How the pros do it.

Whenever you buy chocolate, it’s tempered. Bars, chips, disks, chunks…whenever chocolate leaves the factory, it’s tempered. The only time you’ll ever bring home untempered chocolate is if it’s been baked (say, in a chocolate chip cookie) or if you happen to leave it in a hot car and it melts. In either case, the carefully manipulated, uniform crystal structure is destroyed and a new, random one forms in its place — with the predictable consequences for the chocolate’s texture and appearance.

Here’s a factory-fresh chocolate bar that I’m about to melt down to make a chocolate coating. Notice the crisp definition around the logo emboss and the shiny luster of it. That almost gleaming surface is what happens when tempered chocolate is cooled in a metal or plastic mold. The already quite orderly cocoa butter crystals are given even more structure by their contact with a smooth surface, with the result that they reflect more light.

Compare that to the back side of the bar, which was exposed to the air as it cooled. It still has some luster, it’s not totally dull, however it has considerably less shine.

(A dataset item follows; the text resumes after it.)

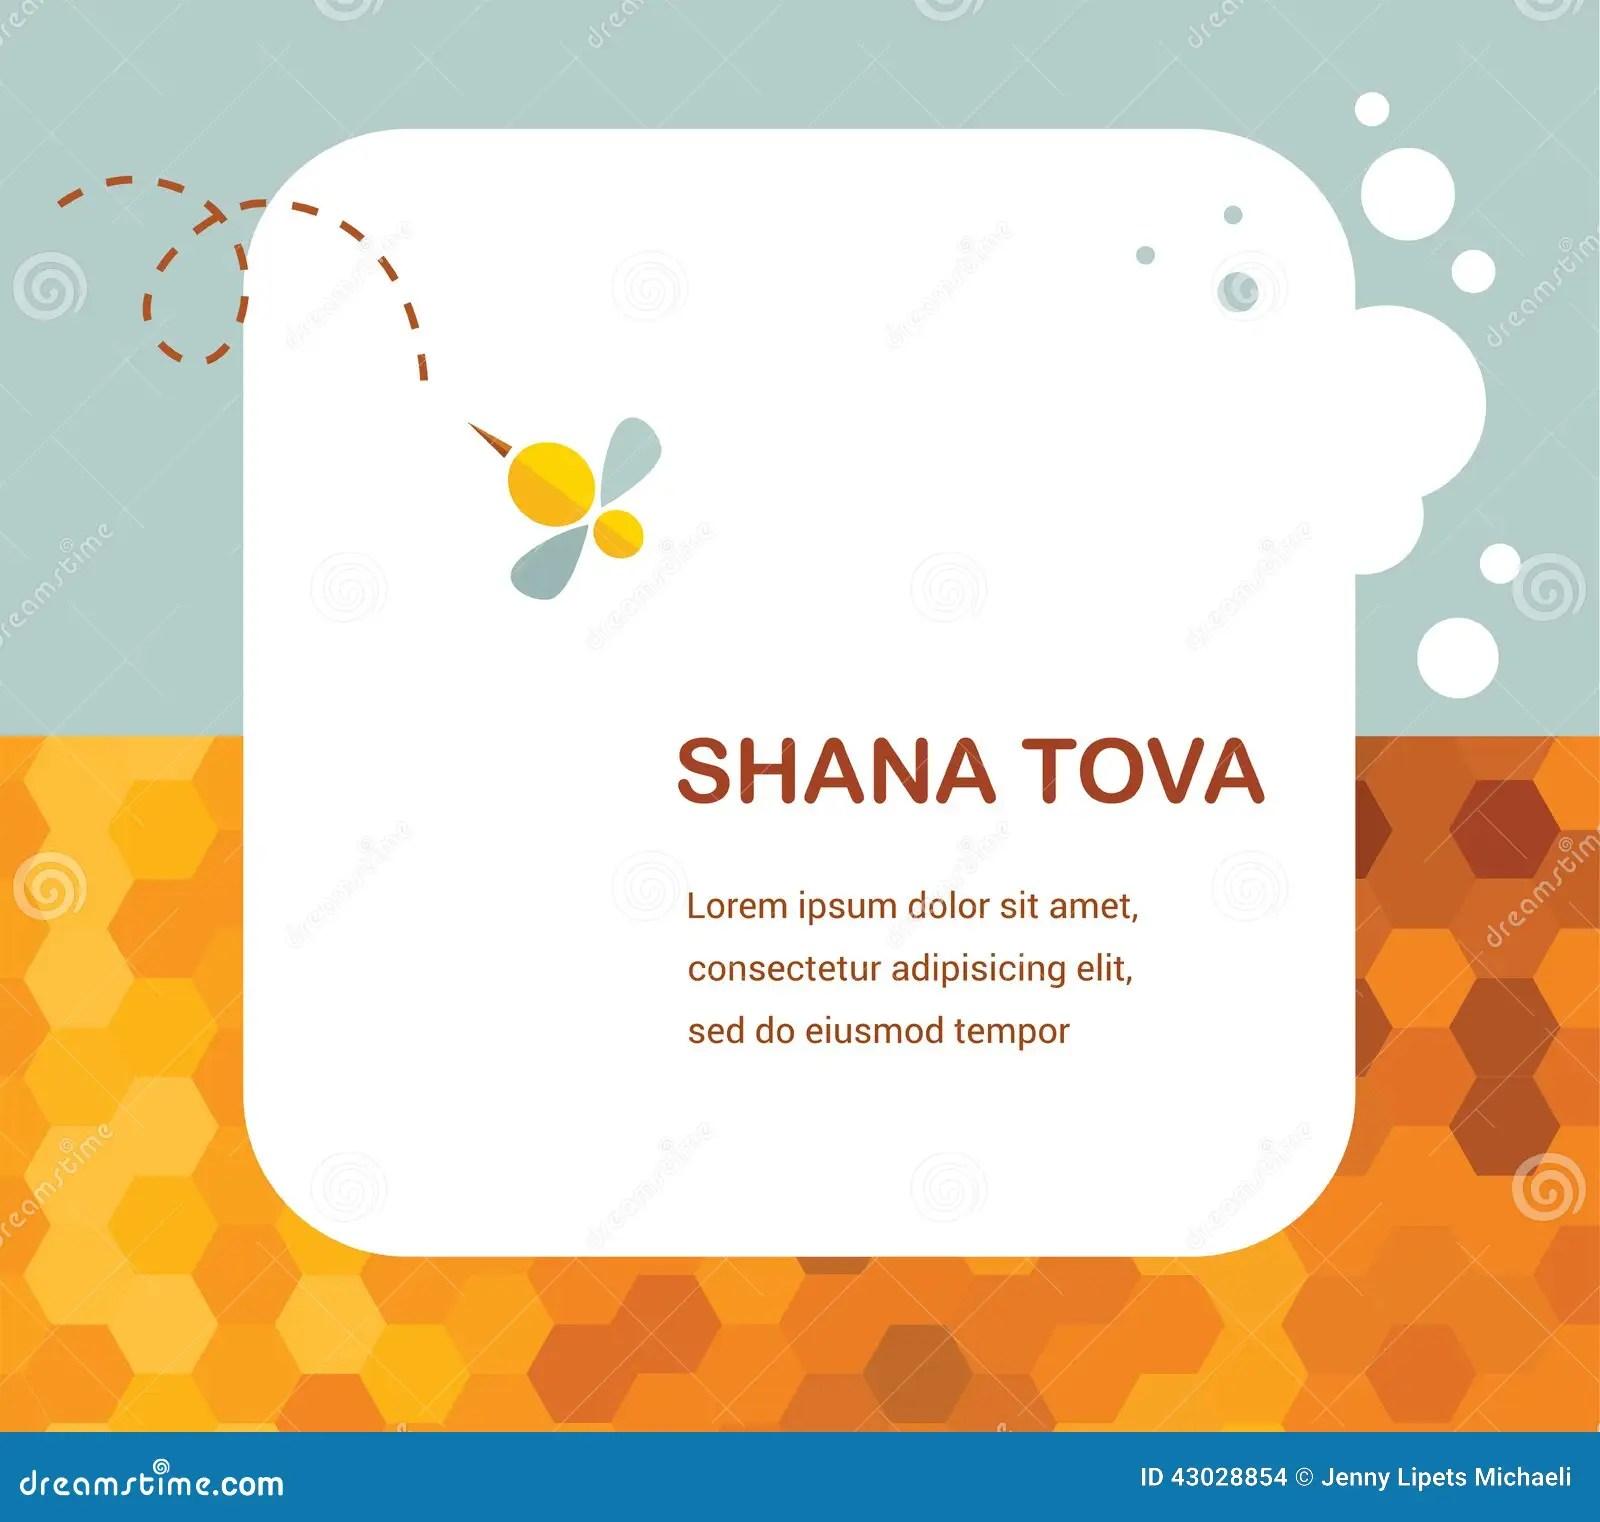 Happy New Year Hebrew Rosh Hashana Greeting Card With Leaking Honey Stock Illustration

This is essentially the finish you can expect when you apply tempered chocolate to the top of a cake. And if you’ve ever wondered how it is that chocolates can be un-molded so easily without being reheated, it’s because tempered chocolate takes up 2-3% less space than untempered chocolate. All those tight crystal formations, donchaknow. The tempered bars thus loosen themselves from their molds as they cool.